Why Use Counterfactual Data?
Counterfactual data is a necessity when access to complete prison population records is unavailable. Since I don’t have access to a full dataset of all incarcerated individuals in Illinois and their exoneration statuses (e.g., exonerated, not exonerated), I relied on counterfactuals to bridge the gap and construct a balanced dataset.
Counterfactuals allow us to ask “what if?” questions.What if an exonerated person had not been exonerated? Would their characteristics look similar to non-exonerated individuals? Moreover, counterfactual data helps isolate these comparisons by holding everything else constant except the hypothetical condition—in this case, exoneration.
As explained in this primer on counterfactuals, a counterfactual statement operates on an unrealized “if” condition. The “if” portion, also known as the antecedent, frames the comparison: exonerated individuals versus those who weren’t. This approach is powerful because it reduces bias and ensures that the model is trained on data that is reliable, balanced, and representative.1
Acknowledgments
The implementation of this counterfactual data balancing relied heavily on expert guidance and code contributions from Professor Jeff Jacobs. His insights and support were invaluable in refining the methodology and making this process possible.
Narrowing to Incarcerated Population
To focus on the incarcerated population in Illinois, the dataset was filtered to include only relevant columns that captured key demographic details, such as total incarcerated populations broken down by race—White, Black, and Latino. This step ensured that the precise subset of data needed for balancing was used while also laying the groundwork for simulating representative draws from the Illinois incarcerated population.

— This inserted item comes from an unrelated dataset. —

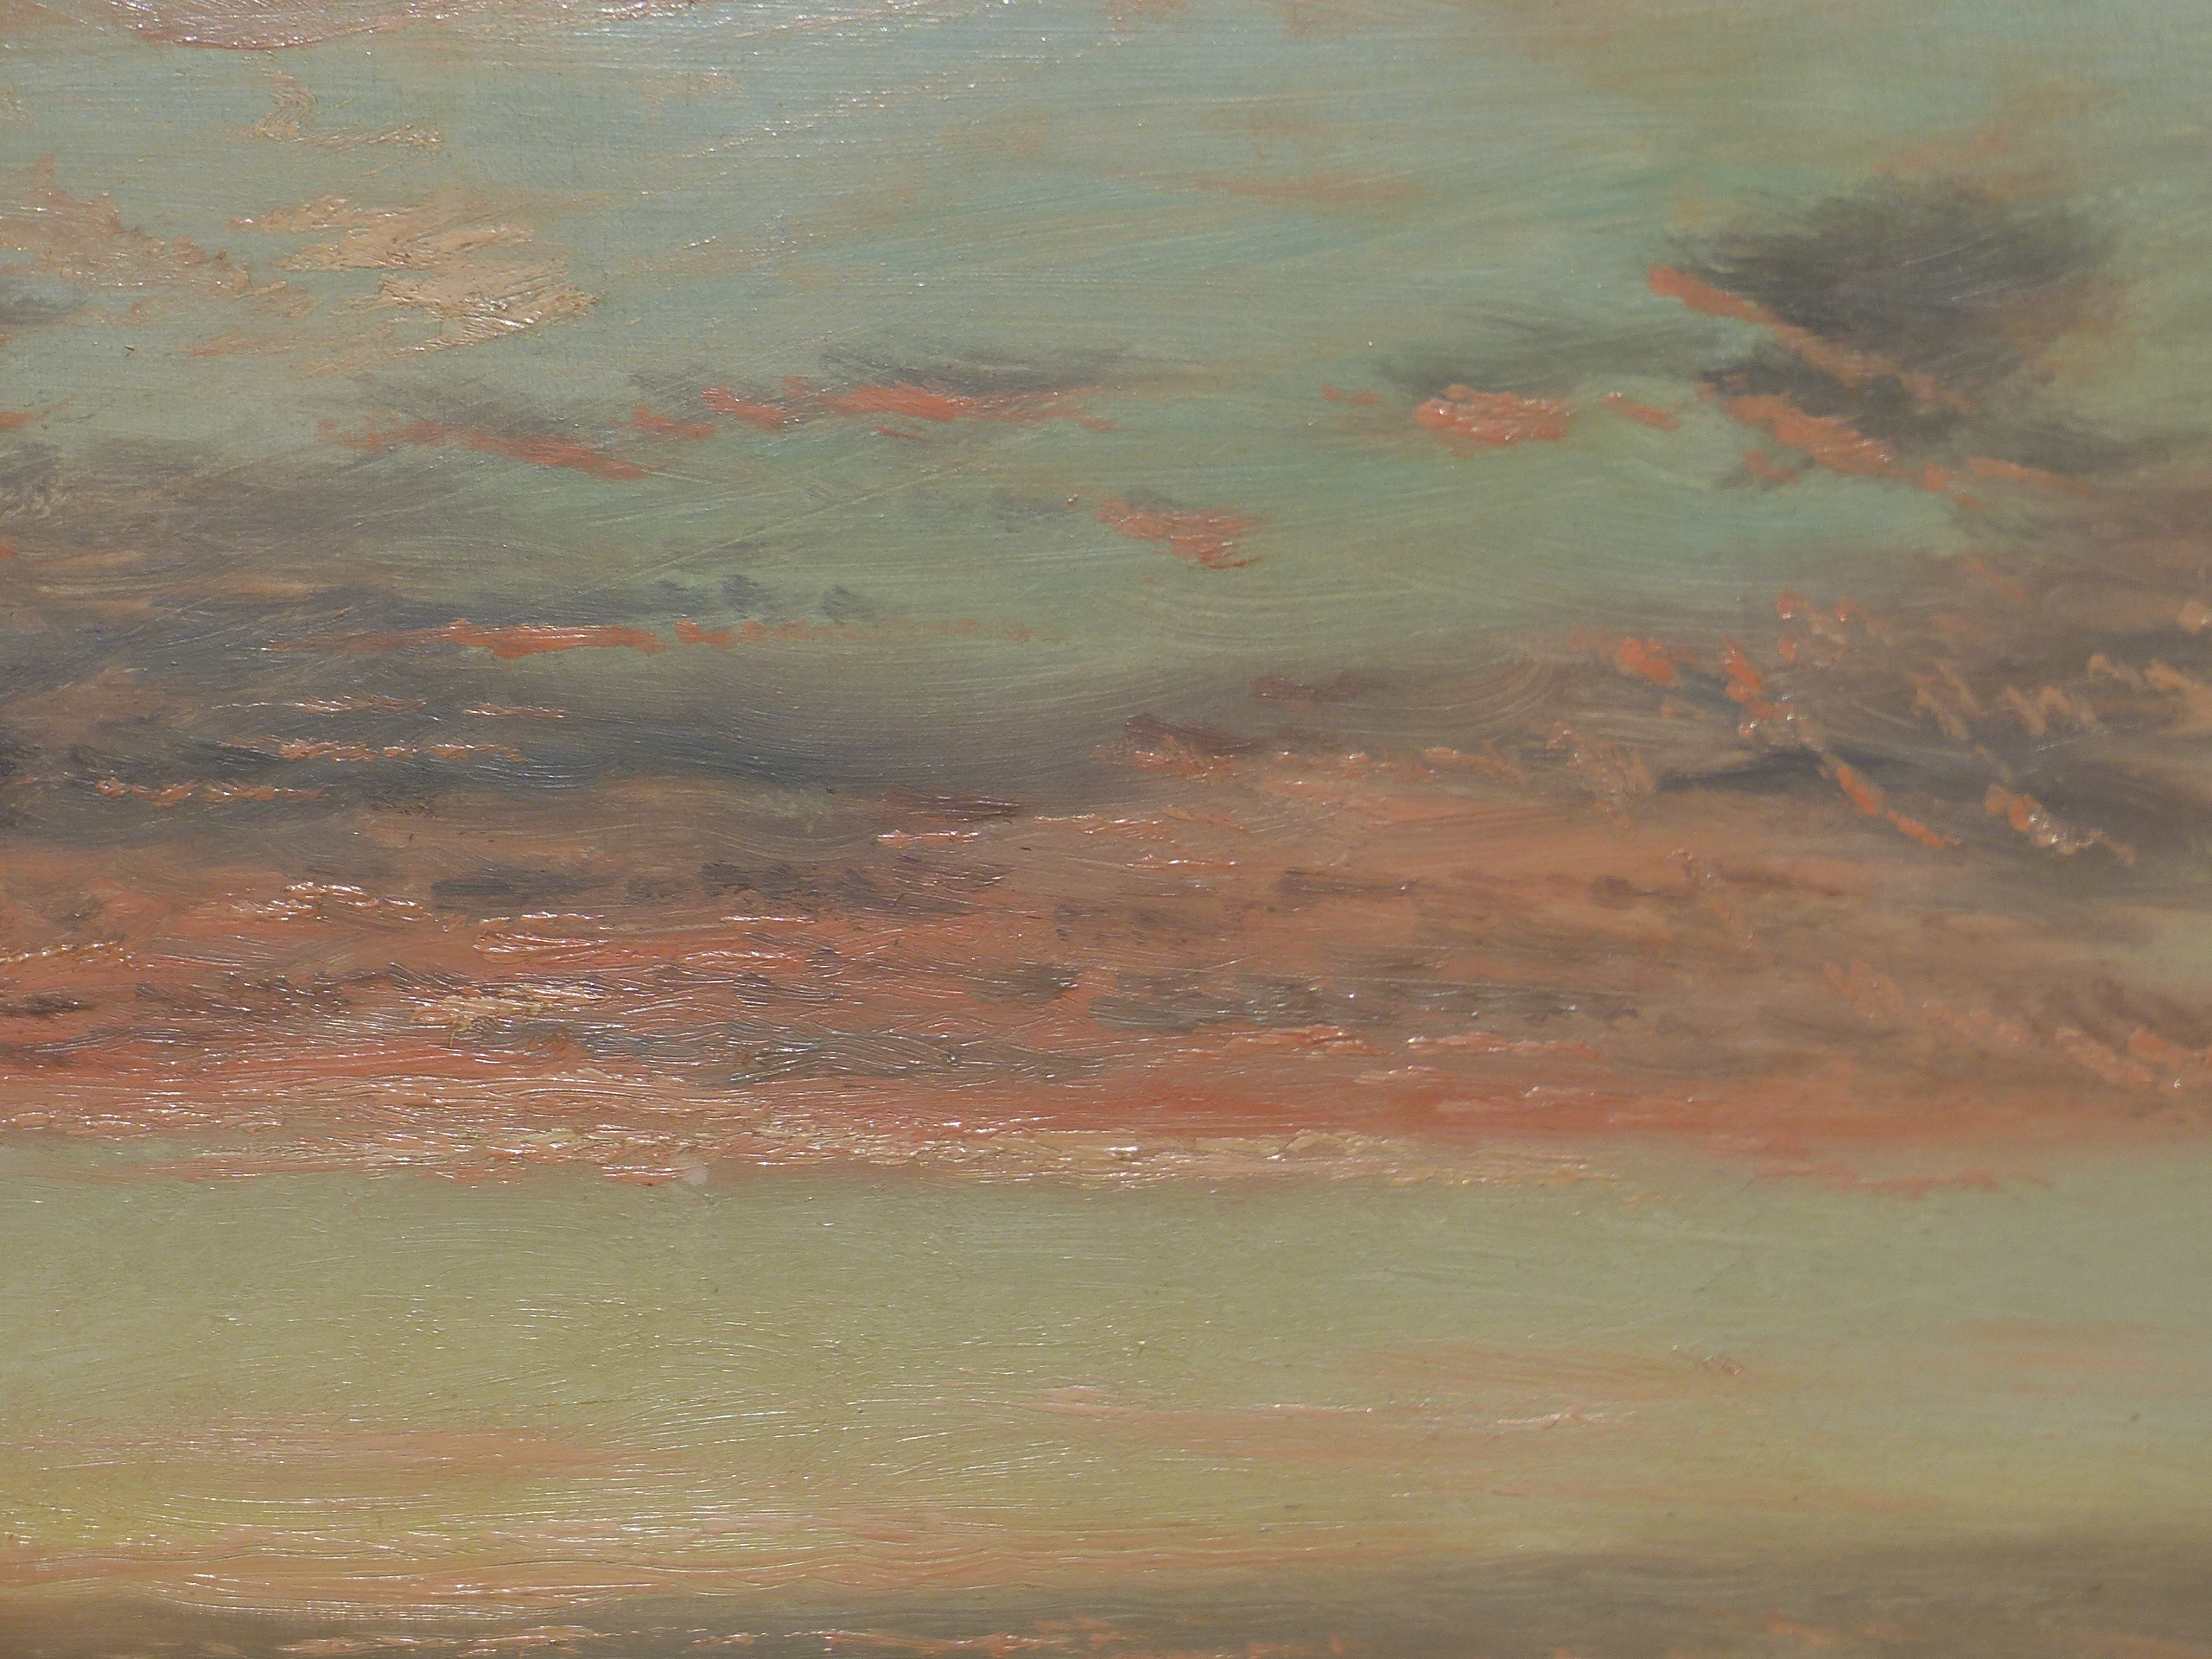 D SHERRIN (1868 - 1940) EVENING GLOW. SIGNED OIL ON CANVAS. 51 x 77 cm - Image 5 of 8

il_df = pd.read_csv("../../data/processed-data/representation_by_county.csv")
il_df = il_df[il_df["state"] == "Illinois"].copy()
il_df.head(3)| county | state | total_population | total_white_population | total_black_population | total_latino_population | incarcerated_population | incarcerated_white_population | incarcerated_black_population | incarcerated_latino_population | non-incarcerated_population | non-incarcerated_white_population | non-incarcerated_black_population | non-incarcerated_latino_population | ratio_of_overrepresentation_of_whites_incarcerated_compared_to_whites_non-incarcerated | ratio_of_overrepresentation_of_blacks_incarcerated_compared_to_blacks_non-incarcerated | ratio_of_overrepresentation_of_latinos_incarcerated_compared_to_latinos_non-incarcerated | |
|---|---|---|---|---|---|---|---|---|---|---|---|---|---|---|---|---|---|
| 0 | Adams | Illinois | 67103 | 62414 | 2331 | 776 | 110 | 73 | 36 | 0 | 66993 | 62341 | 2295 | 776 | 0.71 | 9.54 | 0.00 |
| 1 | Alexander | Illinois | 8238 | 4983 | 2915 | 155 | 411 | 89 | 242 | 79 | 7827 | 4894 | 2673 | 76 | 0.35 | 1.72 | 19.82 |
| 2 | Bond | Illinois | 17768 | 15797 | 1080 | 547 | 1542 | 500 | 657 | 304 | 16226 | 15297 | 423 | 243 | 0.34 | 16.32 | 13.14 |
Columns are renamed to streamline the analysis, removing unnecessary verbosity while retaining clarity.
rename_map = {
"county": "county",
"state": "state",
"incarcerated_population": "Total",
"incarcerated_white_population": "White",
"incarcerated_black_population": "Black",
"incarcerated_latino_population": "Latino",
}
# Keep only the cols in the rename_map
cols_to_keep = list(rename_map.keys())
il_df = il_df[cols_to_keep].copy()
# And do the renaming
il_df.rename(columns=rename_map, inplace=True)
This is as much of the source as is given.